Thursday, 28 December 2017

Exploring Core Data database with sqlite3 on command line

Core Data abstracts a lot of the low level details of storage away for programmers, and that’s a good thing however sometimes it’s useful to lift the lid and see what’s happening beneath. For this post I’ll be specifically looking at the SQLite persistent store, I’ll assume you already have an app using Core Data and want to glean more insight into the inner workings. Fortunately the mac comes with a command utility to open and explore sqlite databases (sqlite3), but before we can delve into the database file, we must first find the file.

Finding the database file for an iOS App
The easiest way to look inside the database file is by running your app within the iOS Simulator for Xcode. The simulator stores all of its file structure within a directory on your mac. The trick is finding it. By default the simulator will store its files in Home Directory ▷ Library ▷ Developer ▷ CoreSimulator ▷ Devices. Normally the Library folder is hidden to prevent users mucking things up, however you can access Library from the Go menu in Finder by holding the option key down while displaying the menu.

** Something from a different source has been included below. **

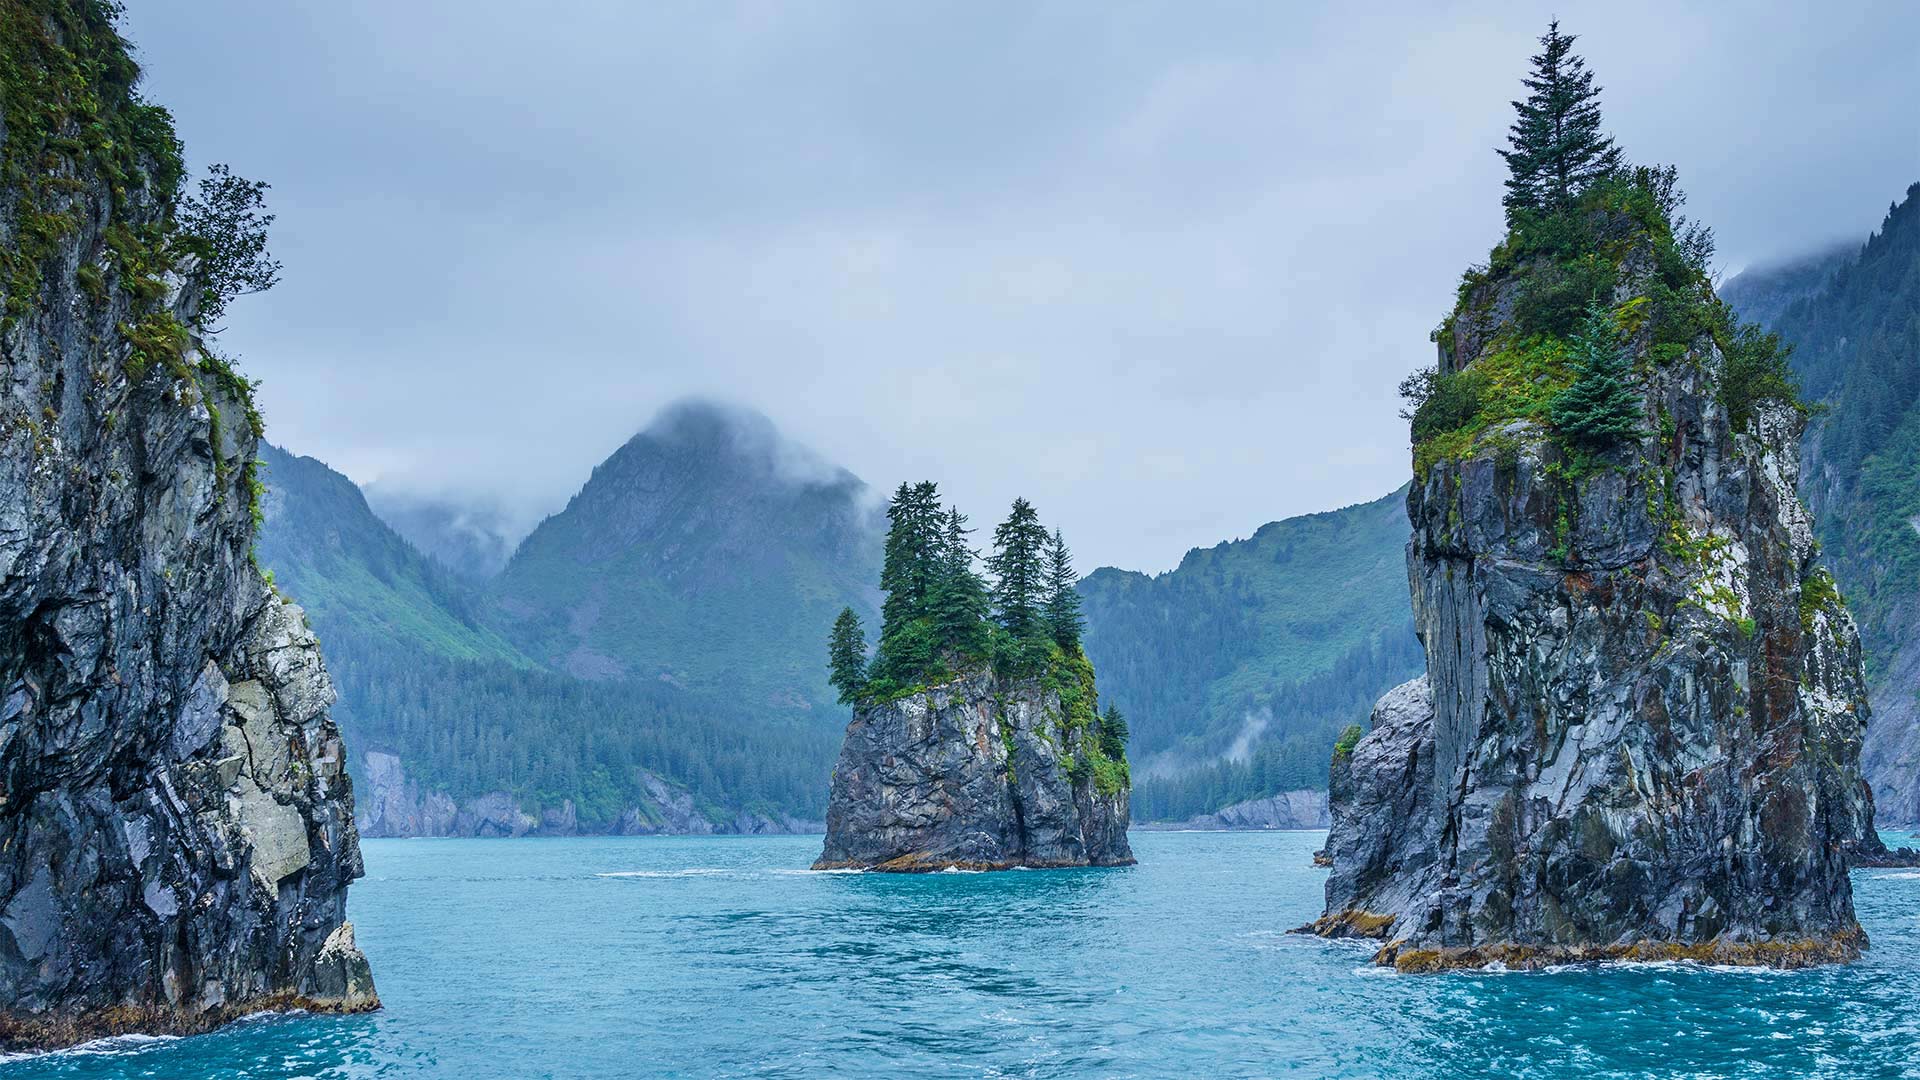 Cove of Spires in Kenai Fjords National Park, Alaska - Sekar B/Shutterstock)

However since we’re starting to perform some advanced techniques it may be easier to perform these actions on the command line, therefore open Terminal and type the following to perform a search of all the simulator devices for a file with a given name (you can substitute the file name for your own):
find ~/Library/Developer/CoreSimulator/Devices -name CoreDataDemo.sqlite

This will print a list of all the files found with the given name. However if you have been running your app on multiple simulators then multiple files will be displayed. It may not be obvious which file is for which simulator as the folders are named after the device identifier rather than a human readable name, additionally the files are not sorted therefore the first file may not be the most recent one.


To find out the Identifier for the simulated device, we can get it in Xcode by going to the Windows menu and selecting Devices and Simulators. This will open a new window, switch tabs to Simulators and select the simulator that your interested in. The Identifier will be displayed along with the summary information.


Since this can be rather painstaking, I've written as script that will search for a given database file and display the top 5 most recently modified files and the ability to directly open them. As well as listing a human understandable version of the simulator. The findcoredata.py script can be found on GitHub.


You’ll notice that the sqlite database file may not be alone. You may also have a file with ‘wal’ suffix, this is the Write-ahead log and a file with ‘shm’ for the Shared-Memory file. If you intend to copy the database then it is important that you copy these files also.

Look, but don’t touch
It is important to remember that you should avoid making modifications to the sqlite data file as Core Data will manage that. The sqlite3 command line tool can be used to execute commands against the database.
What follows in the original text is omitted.